Москва обрадовала и поразила крепким снегом, санями с ухарскими расписными дугами, крутым паром от лошадей и общей безалаберностью. Этот город не тужился быть именно городом, он гордился, что вырос из деревни, и рос не по плану, и жил раскидисто, не стремясь чему-либо соответствовать, кроме самого себя. Тут же — густой колокольный гул, и тут же — афиши Художественного театра. Подумать только, на свете еще есть театры! Чтобы достать билеты, оказалось, надо было стоять в очереди заранее, а на это не было уже времени. Выезжать по новому назначению, в Залесье, следовало через два дня. Можно бы и задержаться, но квартира, куда временно поместили ее и еще двух сестер, была неприветливая — и сама по себе, и хозяйка смотрела как-то подозрительно. Все время смотрела, круглыми бледными глазами из тестяного лица: за серебро свое боялась, что ли?
Только Анна и успела, что увидеть Кремль (извозчик провез под Спасской башней и снял, чин чином, шапку). Она зашла к Иверской, в часовню, поставила свечку, но молиться не могла. В этом темном лике она не узнавала Божью матерь. В их соборе иконы были другие, южнорусской школы, без строгостей. И Мадонна у матери в комнате была — красивая, с нежным лицом. Анна засунула руки поглубже в заячью муфту и вышла под снег. Он был добротный, с хрустом и синими тенями. Она вдруг почувствовала себя одинокой: в Москве — и одна. Московских знакомых у Петровых не было. Римма была где-то здесь, Анна знала из домашнего письма, но где ее найдешь, даже названия студии в письме не было. Да у них, наверно, и гастроли.
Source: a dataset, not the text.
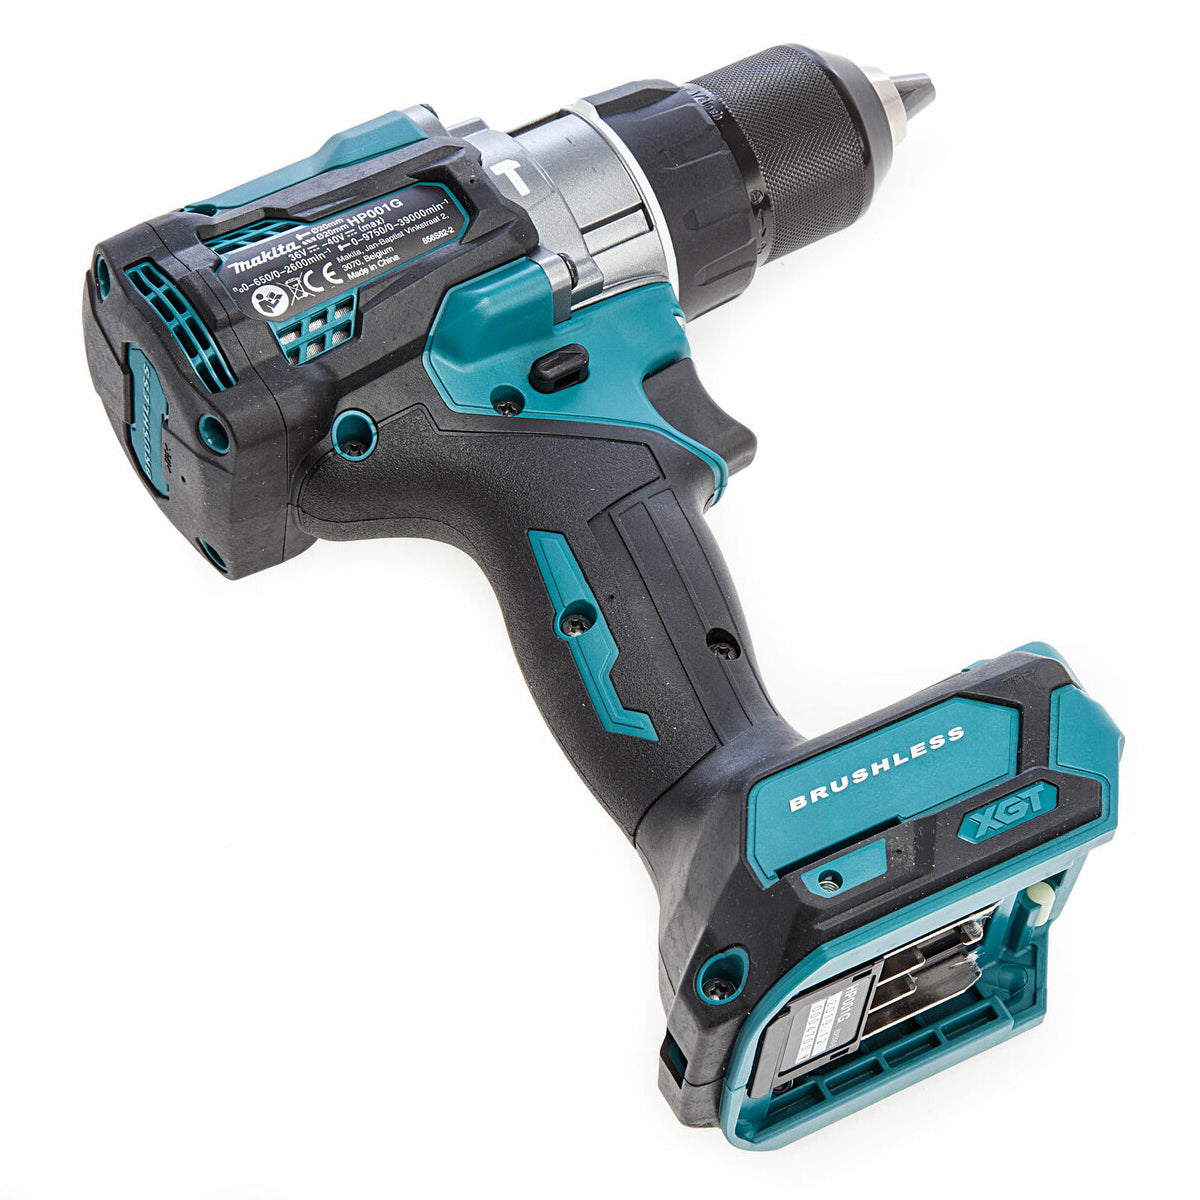 Makita HP001GZ 40V Brushless Combi Drill with 1 x 2.5Ah Battery & Charger

Ходить — холодно, ездить — дорого, на квартиру — противно. Яркая московская жизнь, все это широкое гостеприимство, театры, концерты — шло мимо нее, и от этого было обидно. Она все-таки проехалась в трамвае: переполненном, с веселыми курсистками и студентами, потертыми старушками в салопах и господами в бобровых шубах. На запотевшем стекле нарисована была рожица с высунутым языком и подписано: Гришка. Тут же студент у окна пририсовал рожице петлю с веревкой и приписал: Распутин. Трамвай одобрительно посмеялся. Тут будто и не было войны, только что ходили по улицам раненые на костылях. Но на них, кажется, никто не обращал внимания.
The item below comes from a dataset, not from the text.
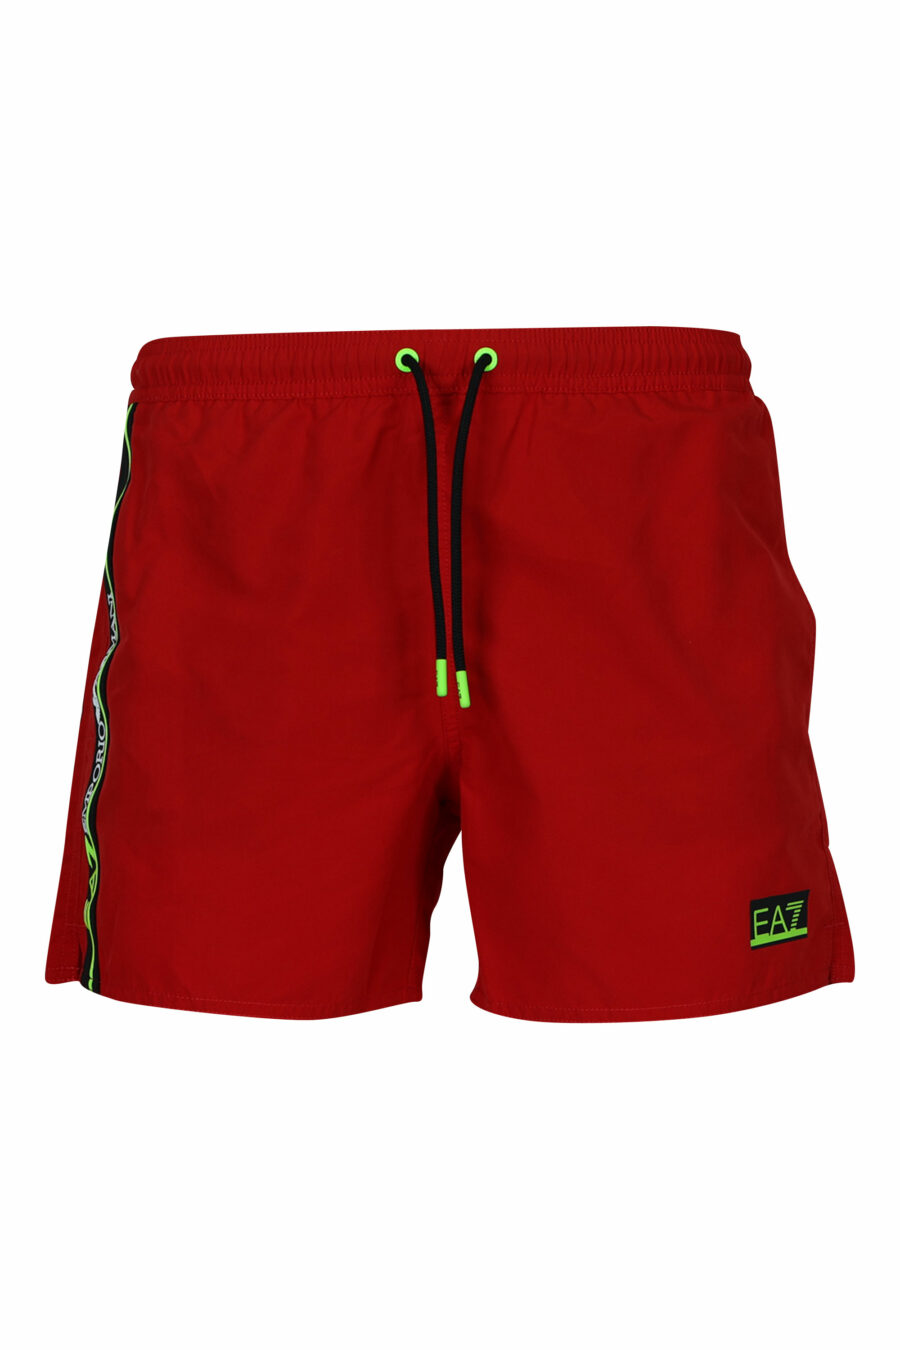 Red swimming costume with side "lux identity" maxilogo with lime green line - 8058947151806

Вот в чем дело, сообразила Анна: я ведь привыкла, что я все время кому-то нужна. Днем и ночью, позарез. А тут — никому. И себе-то не очень. Привыкай, принцесса! Сразу стало легче: она знала, что привыкнуть не успеет. Что бы там ни было, в Залесье, но опять спать урывками, и голову вымыть-высушить некогда, и синяки на руках — от хватки бредящих, и «попить, сестрица». Эта никому-не-нужность — и есть свобода, она всем чужая в этом городе, и прекрасно. Защищённо, как в маске.
Она зашла в дамскую парикмахерскую и сделала короткую стрижку. Парикмахер, сухонький еврей, был похож на одесского: сыпал французскими словами и все восхищался формой ее лица.
— Шарман, шарман, сударыня! Я с вас сделаю Веру Холодную! Необыкновенный цвет волос: золото, чистое золото! Извольте затылочек в зеркало заглянуть…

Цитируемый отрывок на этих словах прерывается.